Is Bitcoin bad for the environment? Luno busts 5 common myths about Bitcoin

Is Bitcoin bad for the environment and is it just a fad? If you’re not into cryptocurrency, you probably heard all sorts of stories about Bitcoin being super volatile and it is being used for illegal activities like ransomware.

To address the common misconceptions about Bitcoin, Luno Malaysia Country Manager Aaron Tang has held a virtual session to shed some light on the common myths.

1. It’s too late to buy Bitcoin

Bitcoin (BTC) which is the most popular cryptocurrency has recently hit its all-time high of over USD 63,000 (about RM260,000) before settling down around USD 40,000 (about RM166,000).

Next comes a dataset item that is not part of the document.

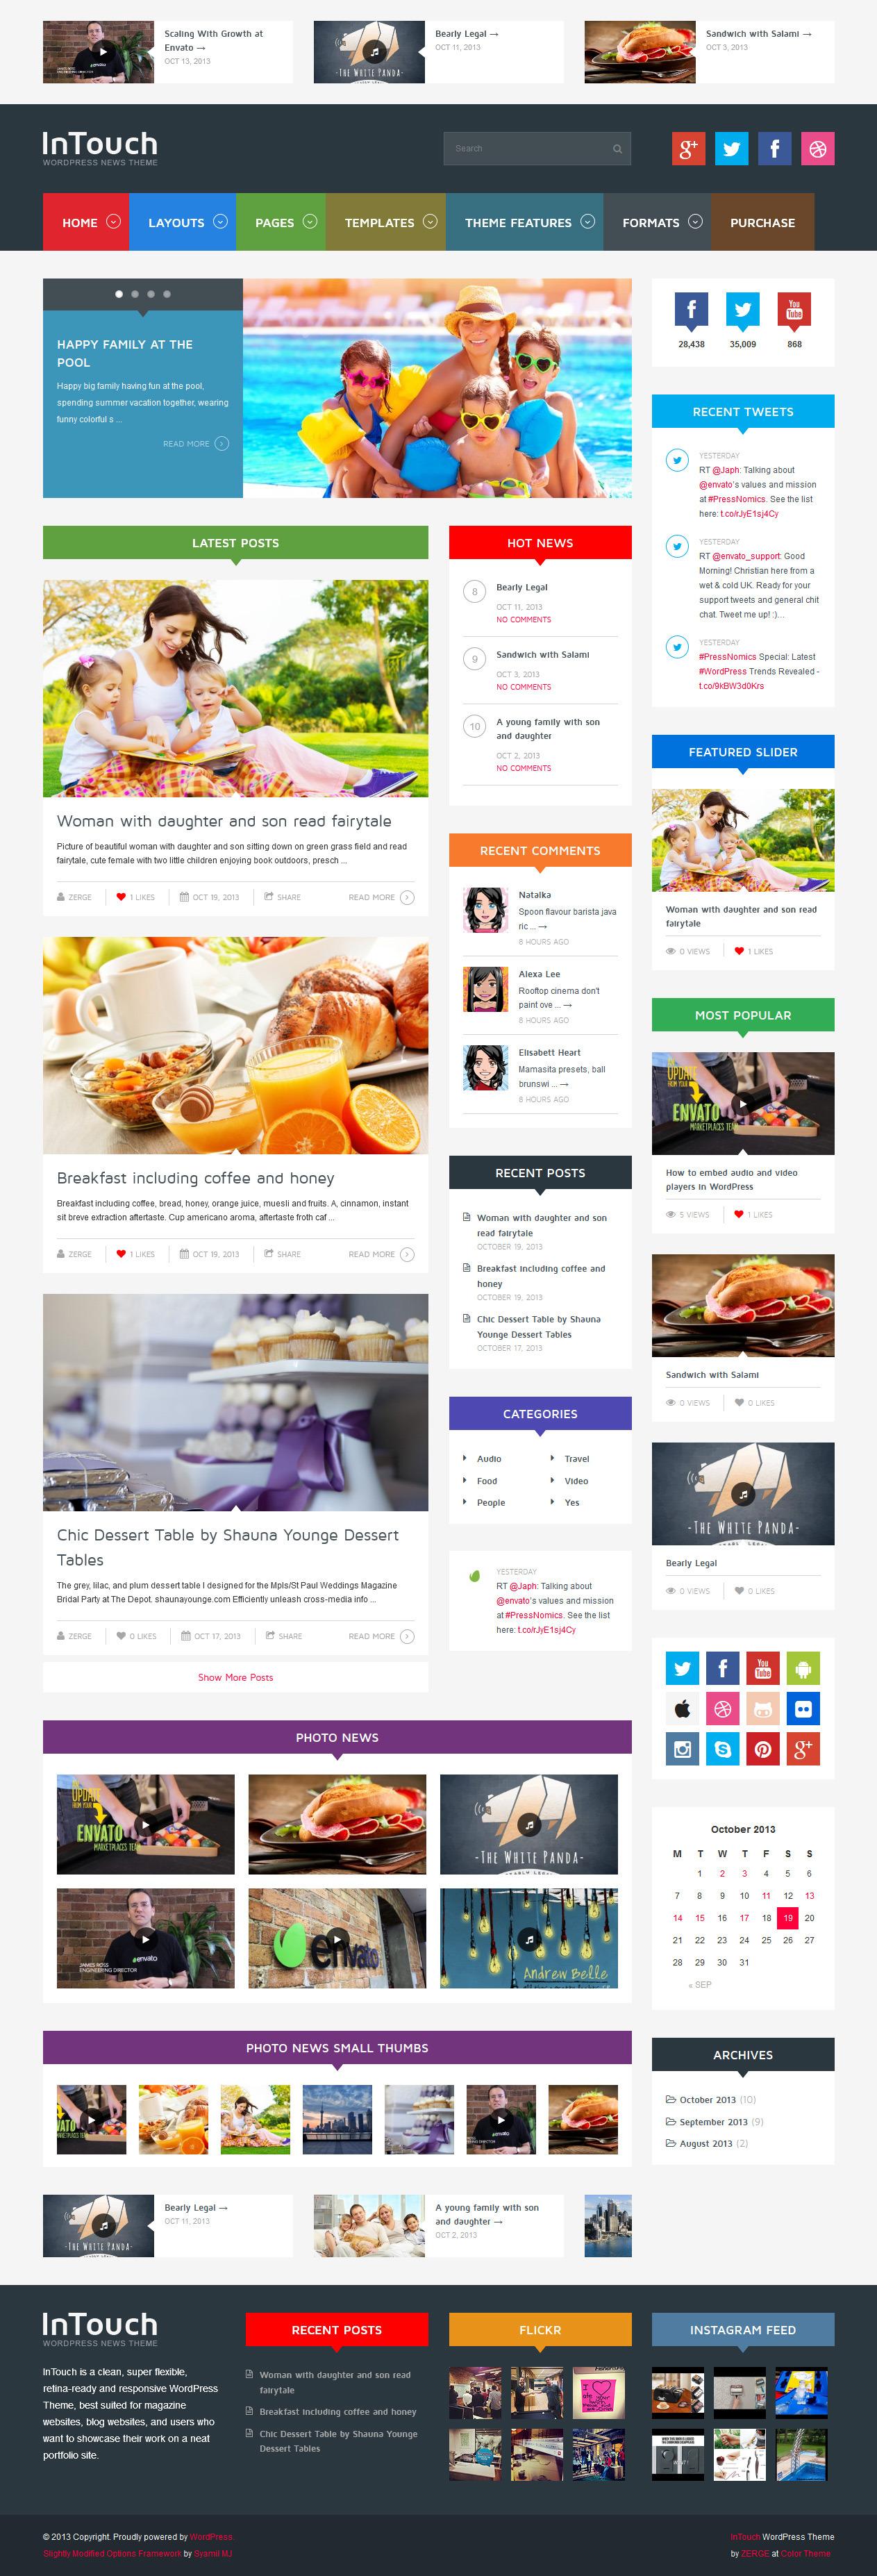 InTouch - Retina Responsive WordPress News Theme - Home Page

While the value is rather high, Luno says it is still early for anyone to start getting their hands in Bitcoin. Bitcoin has been around for about 12 years now and there’s still a lot of potential for the future.

It shared that the real value of Bitcoin will be seen in adoption over time in the emerging use cases. In the future, we may see wide use cases including payment, storing of value and as a method of hedging against inflation.

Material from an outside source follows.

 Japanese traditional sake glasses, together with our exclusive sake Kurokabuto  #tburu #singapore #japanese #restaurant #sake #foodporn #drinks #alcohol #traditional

2. Bitcoin has no intrinsic value

On allegations that Bitcoin has no intrinsic value, Luno says Bitcoin does have both perceived and intrinsic value. Unlike fiat currency where value and legal status are determined by governments, Bitcoin’s value comes from its code, infrastructure, scarcity and adoption.

Unlike Bank-issued money, Bitcoin has a finite supply of 21 million coins and at the time of writing, there are 18.7 million BTC in circulation. Scarce assets tend to appreciate as in most situations where demand is more than supply.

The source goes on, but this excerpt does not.